Alors que l’action JPMorgan a perdu près de 20% depuis l’annonce de la perte, le 10 mai dernier, il est probable que la Réserve fédérale a ordonné à l'établissement de cesser ses rachats d’actions, avance le courtier International Strategy & Investment Group. En revanche, le versement du dividende trimestriel ne sera pas modifié. Pour justifier cette suspension, la direction de la banque évoque l’impératif de Bâle 3.
«Nous avons pris l’engagement envers nous-mêmes et envers nos régulateurs que nous serions... sur la bonne trajectoire afin de respecter les normes de Bâle 3», a souligné Jamie Dimon. Selon les chiffres livrés par la banque, la perte ne devrait toutefois entraîner qu’un recul limité du ratio de fonds propres sur actifs pondérés, de 8,4% à 8,2% sous Bâle 3. Le groupe a en ligne de mire un objectif de 9,5%.

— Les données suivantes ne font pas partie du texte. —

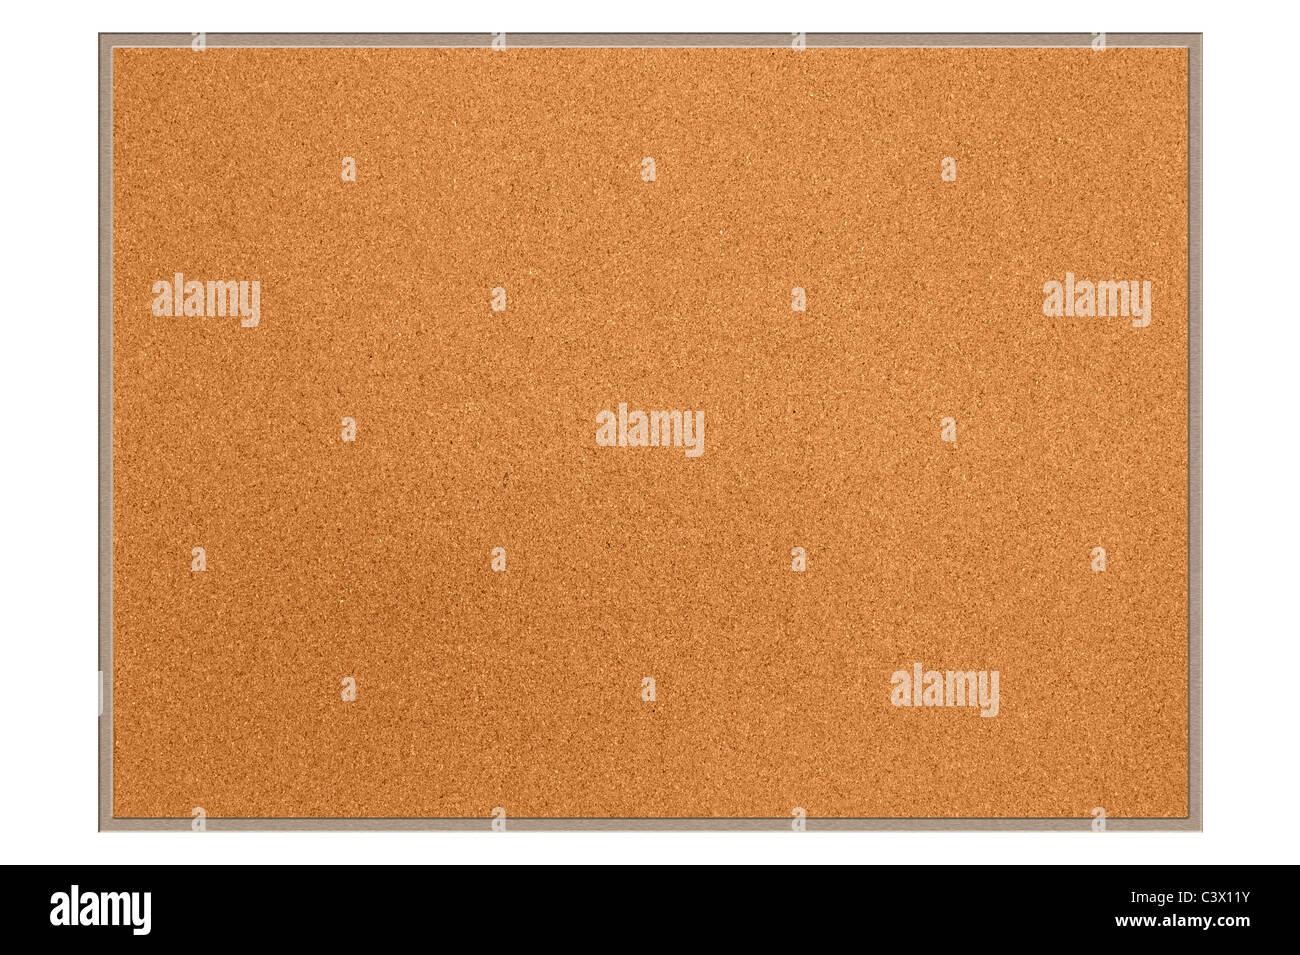 Un nuevo tablero de corcho vacío para su uso como es o para diseñadores para colocar la copia o imagen Imagen De Stock

Cette conférence à New York a conduit Jamie Dimon à livrer quelques détails supplémentaires sur la perte au sein du CIO. Cette affaire est un «événement isolé», a assuré le PDG, ajoutant que le portefeuille de 350 milliards de dollars couvert par le CIO a une maturité très courte et une notation de crédit moyenne AA destinée à «gérer de manière très conservatrice» les risques de taux d’intérêt.

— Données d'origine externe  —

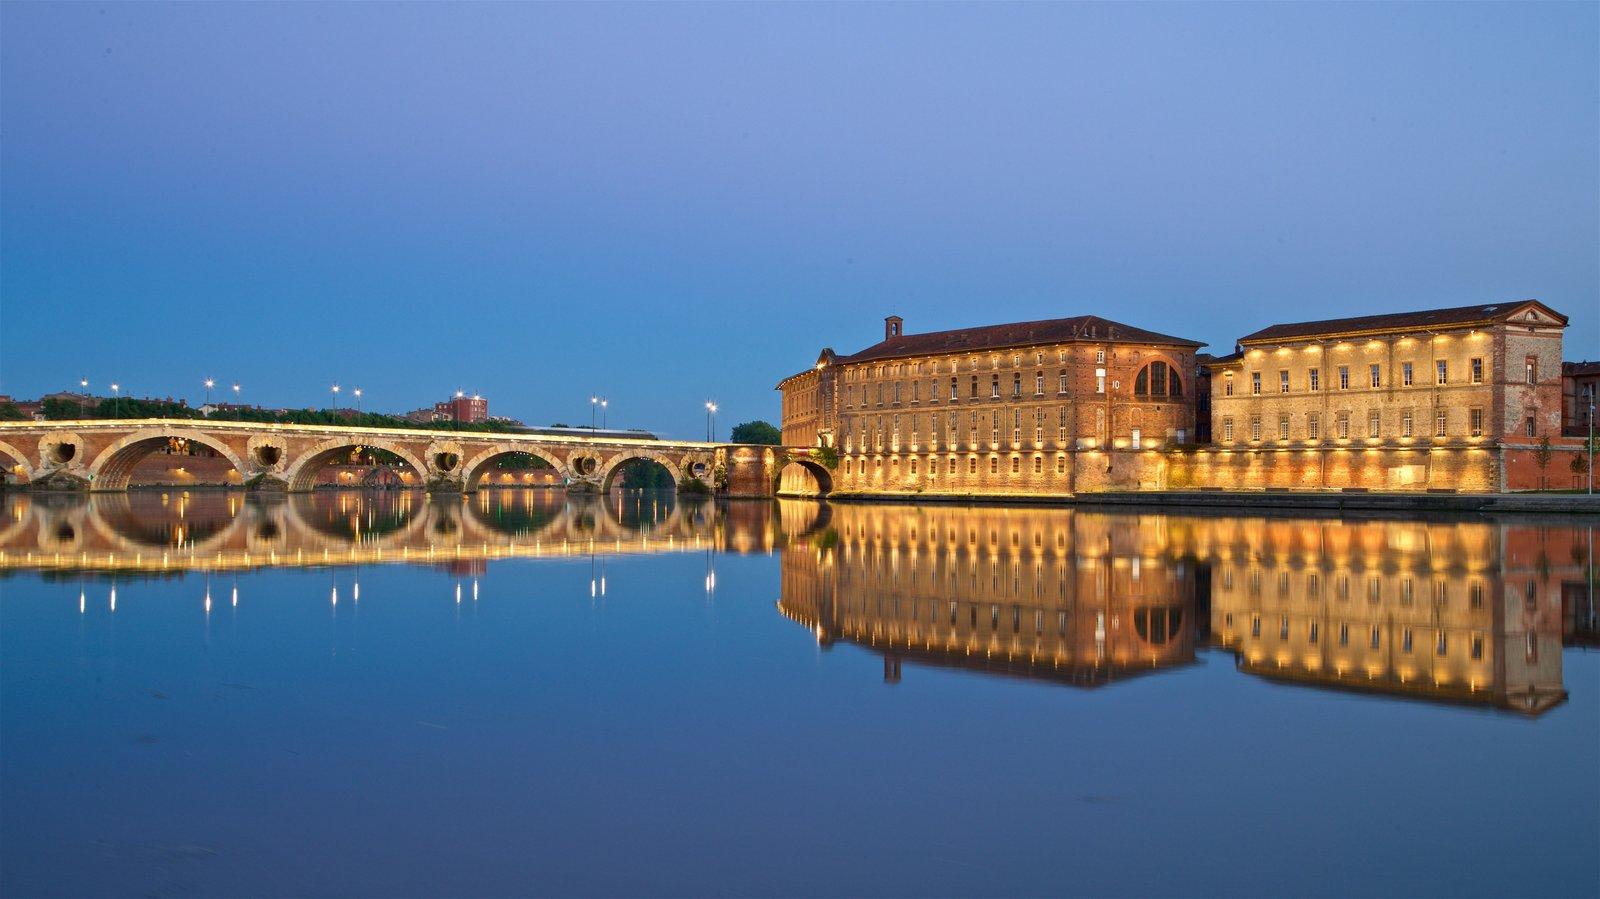 Pont Neuf mostrando um lago ou charco, cenas noturnas e arquitetura de patrimônio

Chiffrée pour le moment par la banque autour de 2 milliards de dollars et potentiellement jusqu'à 3 milliards - une estimation jugée insuffisante par certains, Morgan Stanley évoque un montant de 5 milliards - cette perte pourrait être compensée par des gains non réalisés. Le CIO en détient pour 7 milliards de dollars mais Jamie Dimon juge cette solution «inefficace d’un point de vue fiscal». «Je veux aussi que nos équipes fassent ce qui est juste d’un point de vue économique», a-t-il conclu.